Le Grand Splash
Seth Sherwood -- Interior Design, 10/1/2008 12:00:00 AM

All Le Havre wanted was a nice, new municipal swimming pool. But when Ateliers Jean Nouvel submitted plans for the site—located in the French port city's rundown docklands—local officials gaped at something wholly unanticipated. "I was stupefied," recalls Le Havre Mayor Antoine Rufenacht. Rather than a rectangular hole in the ground, Nouvel's proposal depicted a 130,000-square-foot, post-modern complex filled with numerous interconnected pools, water channels, steam rooms, and hydrotherapy areas, all in a blocky design inspired by the millennia-old thermal baths of the Roman empire.
Each chamber of Les Bains des Docks, as the spectacular complex is called, is a poetic jumble of monolithic white squares and rectangles recalling classical ruins. Covering the floor, walls, and ceiling are more than 32 million white mosaic tiles, that favorite medium for Roman and Byzantine art. The only splash of color—and touch of softness—is in the lounge next to the separate children's pool. Square rubber-foam cushions in bright, saturated hues—red, orange, yellow, and green—line every surface, as if the area were built from giant Starburst fruit chews.

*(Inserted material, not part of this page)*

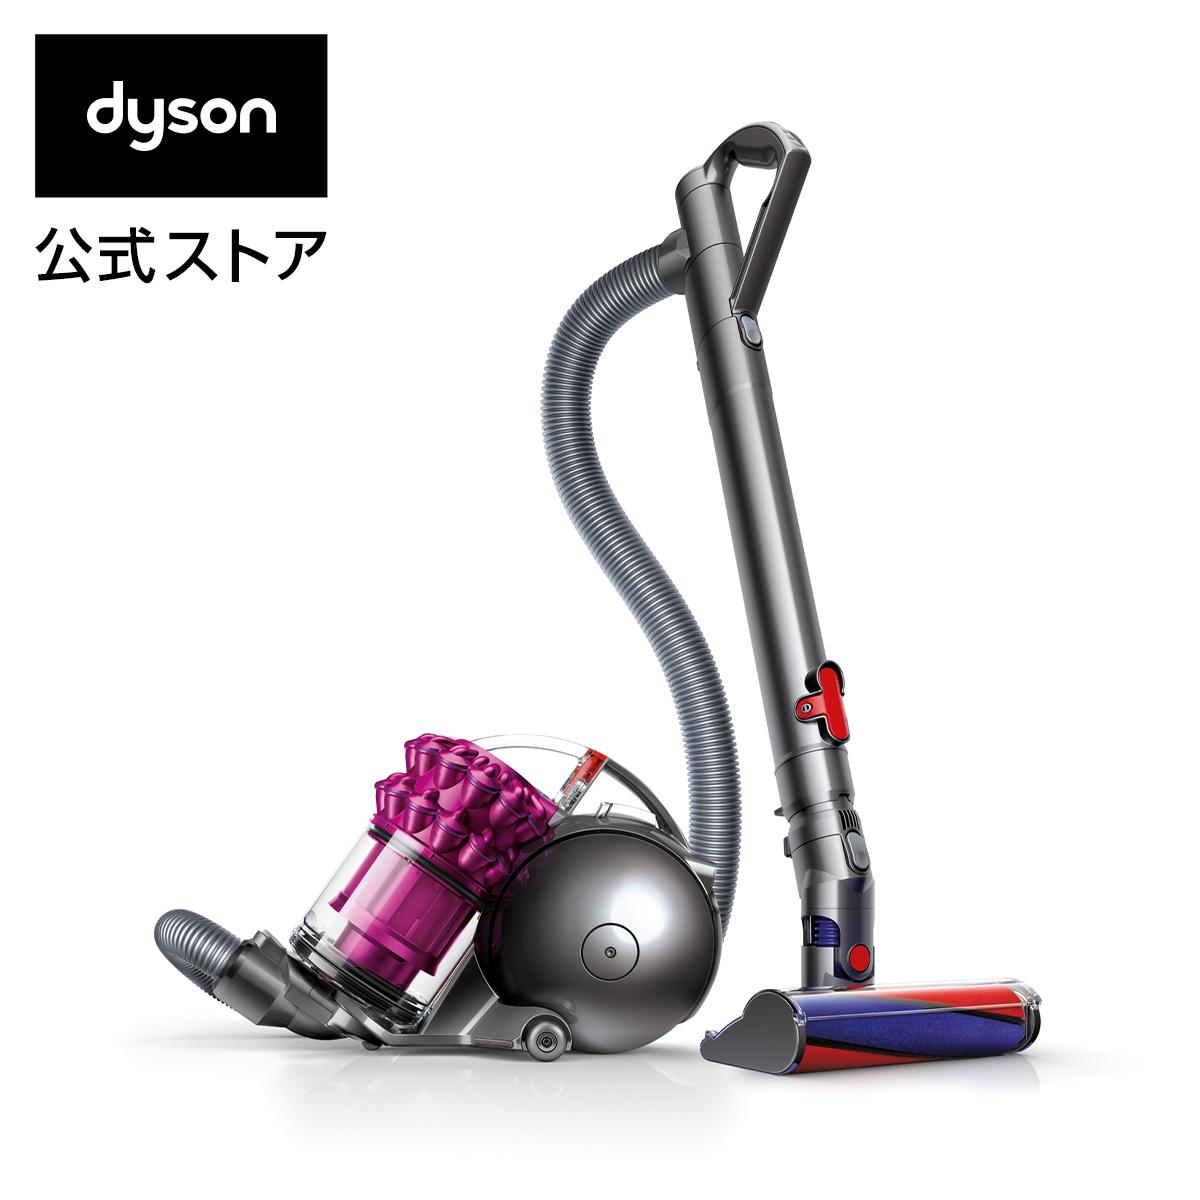 ダイソン Dyson Ball Fluffypro サイクロン式 キャニスター型掃除機 CY24MHPRO フューシャ/ブルー 【新品/メーカー2年保証】

Seduced by Le Havre's coastal skies, Nouvel also strove to admit the maximum natural light, inserting huge jagged fissures in the fortresslike walls lining the outdoor pool. Inside, he deployed skylights, large windows, and translucent glass walls wherever possible. Throughout the day, the sun's rays filter at shifting angles through the apertures and refract variously off the angular surfaces inside, creating a constant interplay of light and shadow. "It's magical," Rufenacht notes. And a far cry from the usual community pool.